As críticas foram comunicadas à margem do Congresso da Ordem dos Médicos Dentistas, que decorreu no passado mês de Novembro, por um dos representantes da Ordem dos Médicos Dentistas (OMD) no grupo de análise do programa de saúde oral, Paulo Rompante, segundo notícia do “Diário Digital”.
Uma das críticas anunciadas pelos profissionais do sector consiste na etapa básica e essencial deste programa que fomenta a escovagem diária na escola, uma medida que não está a ser implementada em grande parte das instituições.
«Como o programa foi concebido, só tinham direito a aceder às outras etapas do programa as escolas que promovessem a escovagem diária, nenhum programa funciona se esta escovagem não for promovida», comentou o especialista Paulo Rompante.
O argumento invocado por algumas escolas de que não têm condições para promover a saúde oral não é aceite entre os médicos dentistas. «Se uma escola não tem condições para isto, então quase mais vale fechar a escola», criticou Frias Bulhosa, outro elemento da OMD que integrou o grupo de análise que fez propostas ao ministro da Saúde.
E mais: de acordo com o especialista, para escovar os dentes basta apenas que os alunos tenham uma escova e pasta, sendo o uso de água dispensável. Além da escovagem, as escolas incluídas no programa de saúde oral promovem a administração de flúor quinzenalmente entre os alunos.
A etapa seguinte assenta na selecção das crianças que devem colocar selante nos dentes. Contudo, segundo a OMD, também aqui existem falhas no programa, uma vez que, antes do selante, é necessário detectar se a criança tem cáries em desenvolvimento, um procedimento que deve ser realizado por um médico dentista, que não está presente na escola.

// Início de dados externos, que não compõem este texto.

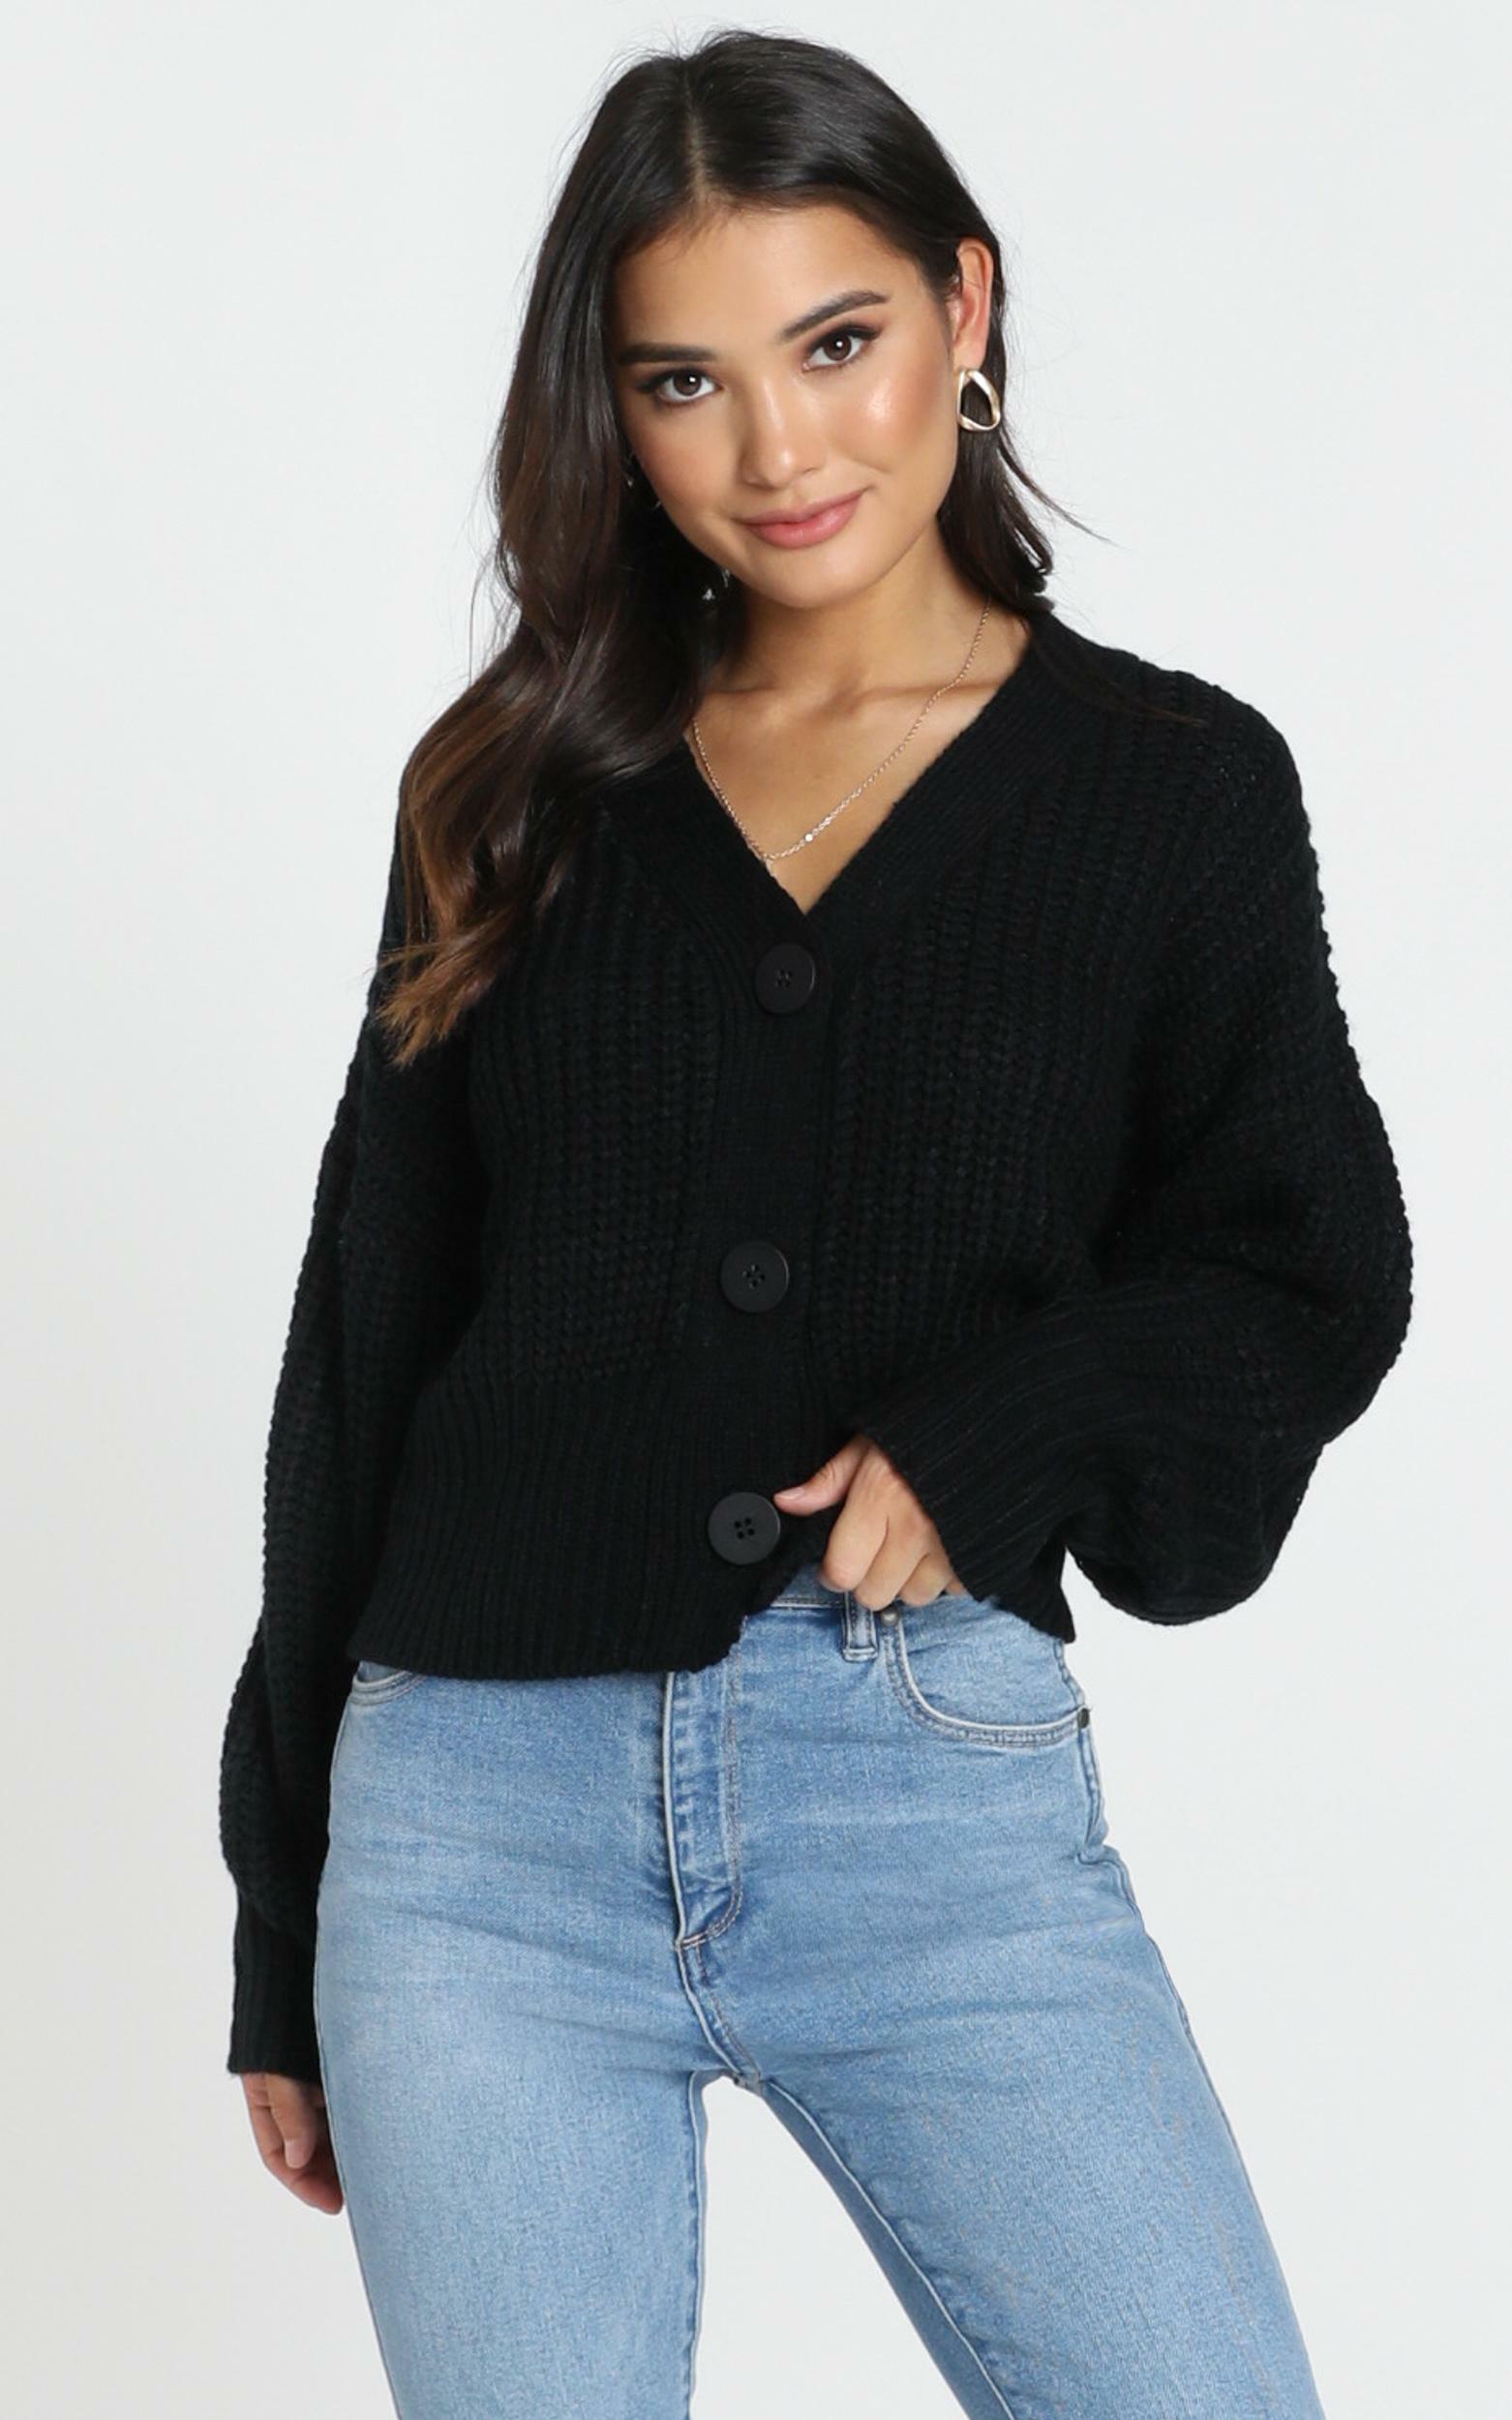 Dakota Knit Cardigan in black - 12 (L), Black, hi-res image number null

«A selecção das crianças nem sempre é feita por profissionais qualificados. Actualmente isso é a maior parte das vezes feito pelas equipas de saúde escolar, que muitas vezes nem têm sequer um higienista oral», afirmou Paulo Rompante.
A OMD considera que apesar dos higienistas orais usufruírem de preparação para colocar o selante, estes devem sempre trabalhar sob supervisão de um médico dentista, que é a quem compete fazer o diagnóstico das cáries.
Outra lacuna do programa de saúde oral, segundo o médico Frias Bulhosa, relaciona-se com a falta de acompanhamento das crianças. «Uma criança de quatro, cinco ou seis anos pode entrar num determinado ano no programa, mas depois não voltar a ser acompanhada. A criança não é seguida nos anos seguintes», lamentou.
Contudo, apesar de todas as criticas, a OMD mostra-se confiante que as crianças portuguesas serão abrangidas pelos cheques-dentista, já a partir do próximo ano.
Segundo Orlando Monteiro da Silva, em entrevista à “Lusa”, ainda não foi estabelecido o valor dos cheques-dentista. As crianças dos seis aos 12 anos deverão ser abrangidas. Neste sentido, a OMD encontra-se, ainda, em negociações com o Ministério da Saúde sobre o envolvimento de outros grupos de pessoas, como os diabéticos, neste programa.